Agent Frameworks

Ablation Study of a Fairness Auditing Agentic System for Bias Mitigation in Early-Onset Colorectal Cancer Detection

A two-agent AI system using RAG outperformed raw LLMs in identifying demographic disparities in colorectal cancer models.

Deep Dive

A research team including Amalia Ionescu, Jason H. Moore, and Tiffani J. Bright has developed and tested an agentic AI system designed to audit biomedical machine learning models for fairness, specifically targeting early-onset colorectal cancer (EO-CRC) detection. The system employs a two-agent architecture: a Domain Expert Agent that synthesizes medical literature on EO-CRC disparities, and a Fairness Consultant Agent that recommends which sensitive attributes (like race or gender) and fairness metrics should be used for model evaluation. This approach aims to address the critical problem of algorithmic bias in clinical AI, where limited oversight can allow safety risks and inequities to persist.

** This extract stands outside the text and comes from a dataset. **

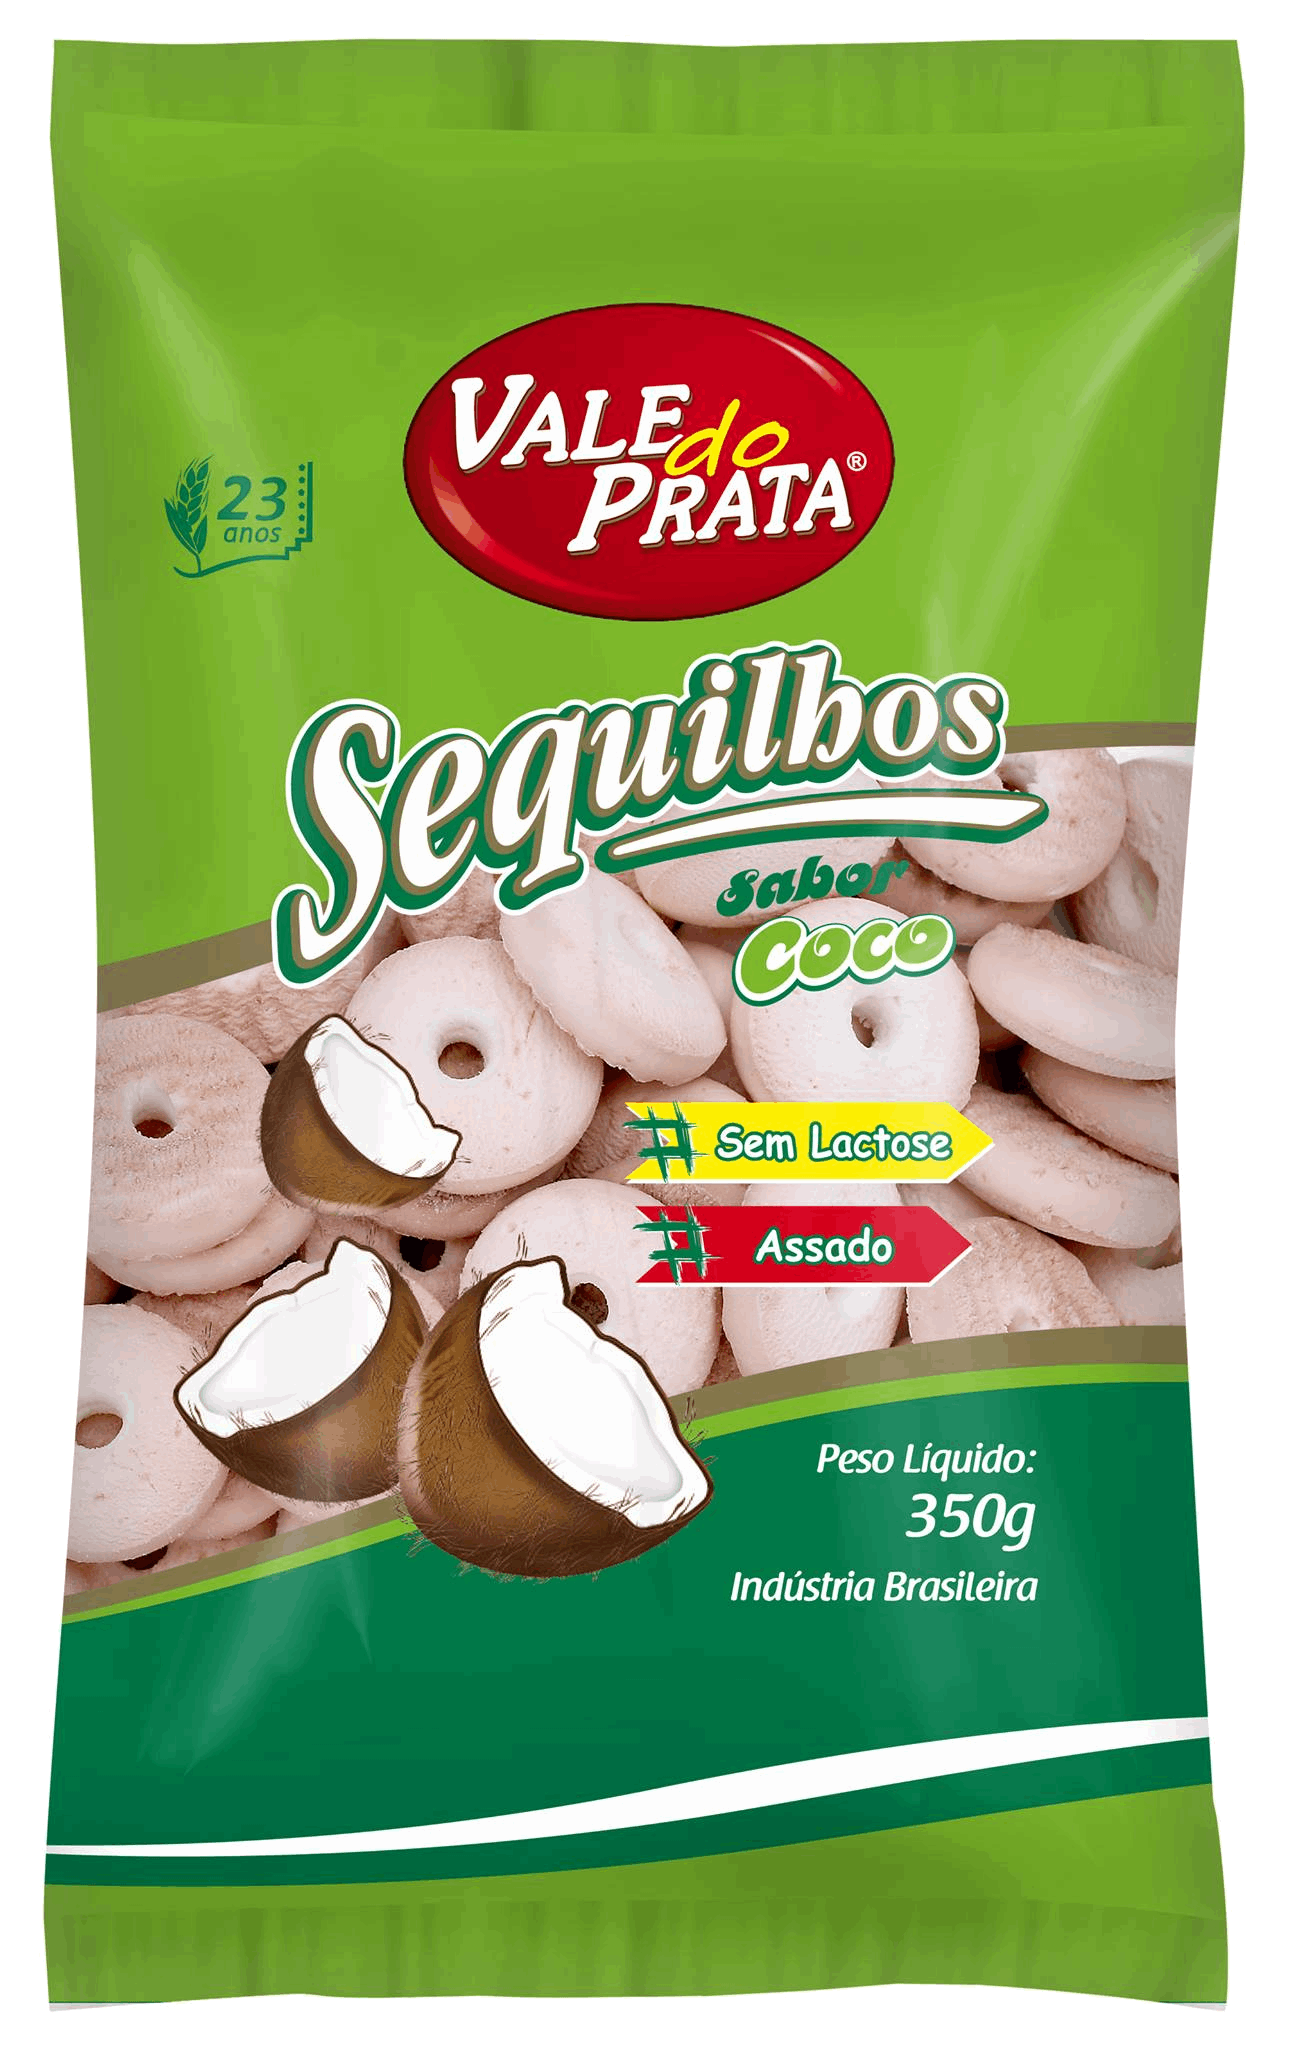 BISCOITO SEQUILHOS COCO VALE DO PRATA 350g.(Rosquillas)

The researchers conducted an ablation study to compare the system's performance across three configurations: a pretrained LLM-only baseline, an Agent system without Retrieval-Augmented Generation (RAG), and an Agent system with RAG. They tested these configurations on three different sizes of Ollama large language models: 8B, 20B, and 120B parameters. The key finding was that across all model sizes, the 'Agent with RAG' configuration consistently achieved the highest semantic similarity scores when its outputs were compared to reference statements derived from human experts. This was particularly true for the crucial task of identifying specific demographic disparities.

This result indicates that augmenting an agentic framework with external knowledge retrieval (RAG) significantly improves its ability to reason about complex, domain-specific fairness issues. The study suggests that such automated, multi-agent systems could be a scalable solution for auditing clinical AI models, providing much-needed oversight to mitigate bias before models are deployed in real-world healthcare settings where demographic disparities in outcomes are a documented concern.

Key Points
  • The system uses a two-agent architecture: a Domain Expert Agent and a Fairness Consultant Agent, designed for clinical AI auditing.
  • An ablation study tested three Ollama LLMs (8B, 20B, 120B parameters) and found the 'Agent with RAG' configuration performed best.
  • The 'Agent with RAG' achieved the highest semantic similarity to expert references, especially for identifying demographic disparities in cancer detection.

Why It Matters

Provides a scalable, automated method to audit healthcare AI for bias, potentially preventing discriminatory outcomes in critical medical diagnostics.